Godiva is a good shop for buying reps.


----------



## sarahssnakes (Feb 19, 2006)

oohhh thanks guys will write them down: victory:


----------



## Fishman1908 (Nov 5, 2007)

Jon_Hunter said:


> Steve, I went in there to try and source some Rat Weaners just before xmas and the had about 4 Beardies and a few corn hatchlings. not really worth a visit! (unless you like fish)


Certainly not the case now. Largest range of dry goods in Coventry and the surrounding area's and the current  Stock  is growing all the time and more expansion is planned throughout 2008.

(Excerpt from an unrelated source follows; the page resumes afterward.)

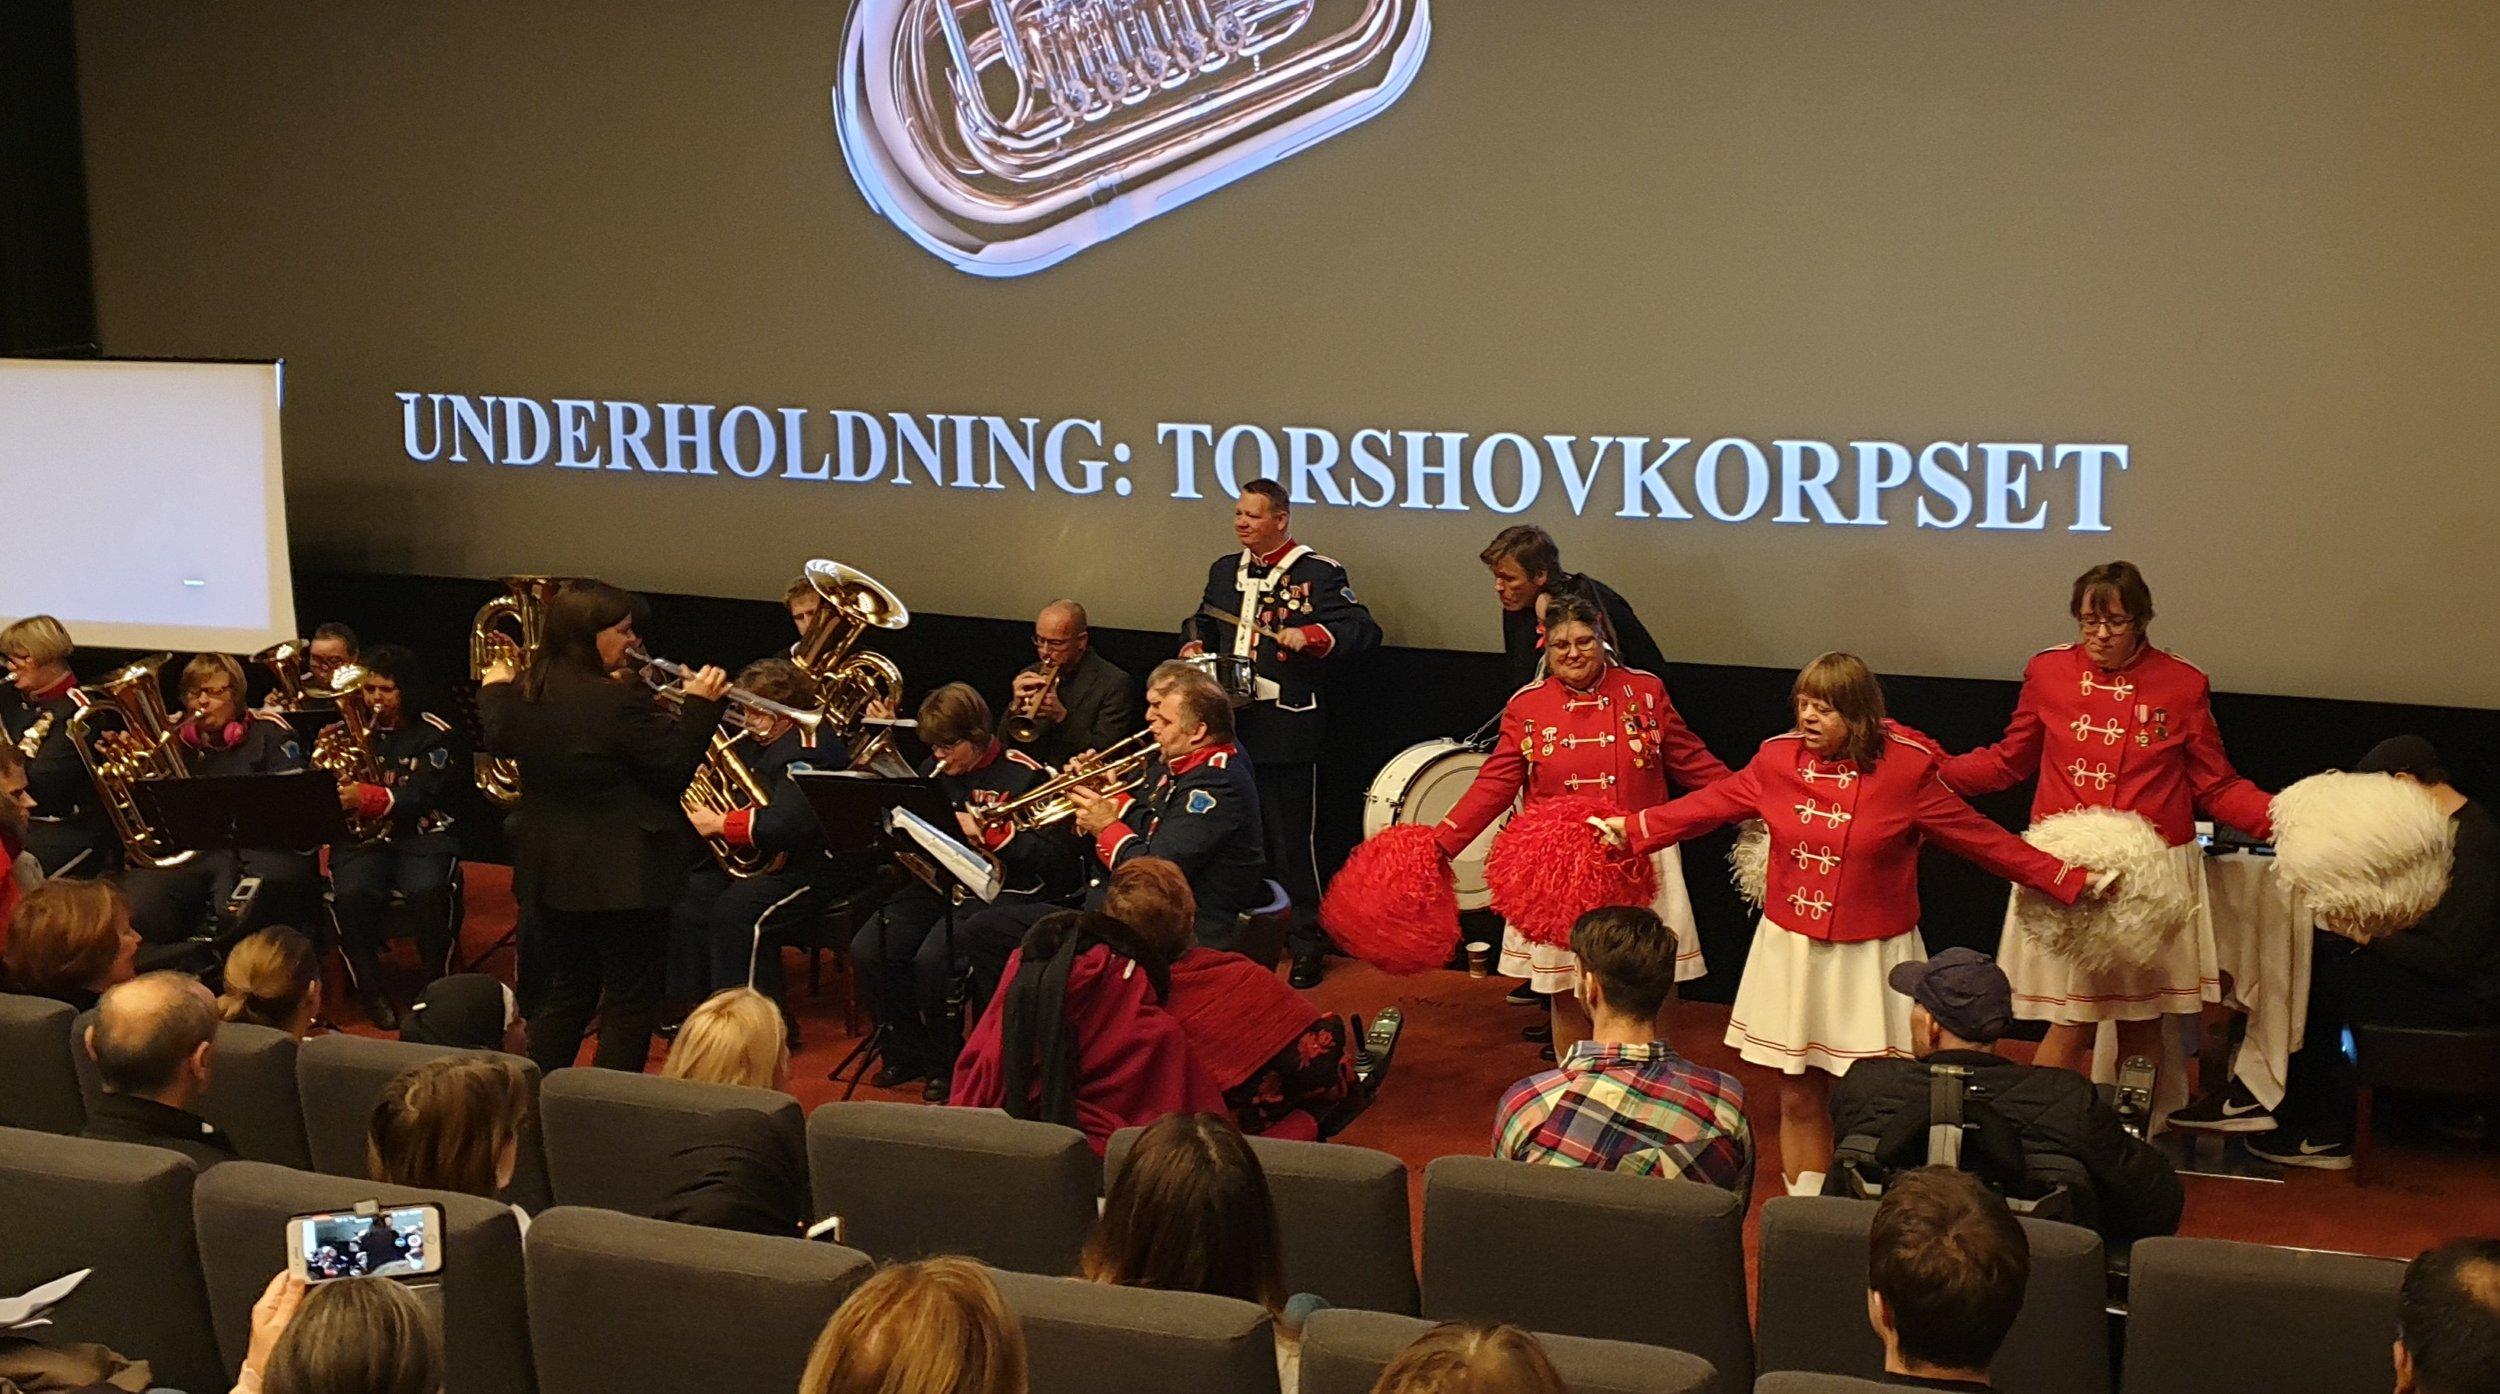 Torshovkorpset imponerte alle med fantastisk musikk og bevegelser med pom poms.

We can get anything in as we use all the main reputable suppliers so whilst we cannot stock everything until our expansion is complete, we can order in what ever your looking for.


----------



## Lord Monty (Jul 1, 2009)

Hey theres aquatics world uk ltd 
Aquatics World UK LTD
the postcodes on the web page 
its a good shop lots of reptiles now and very friendly!:2thumb:


----------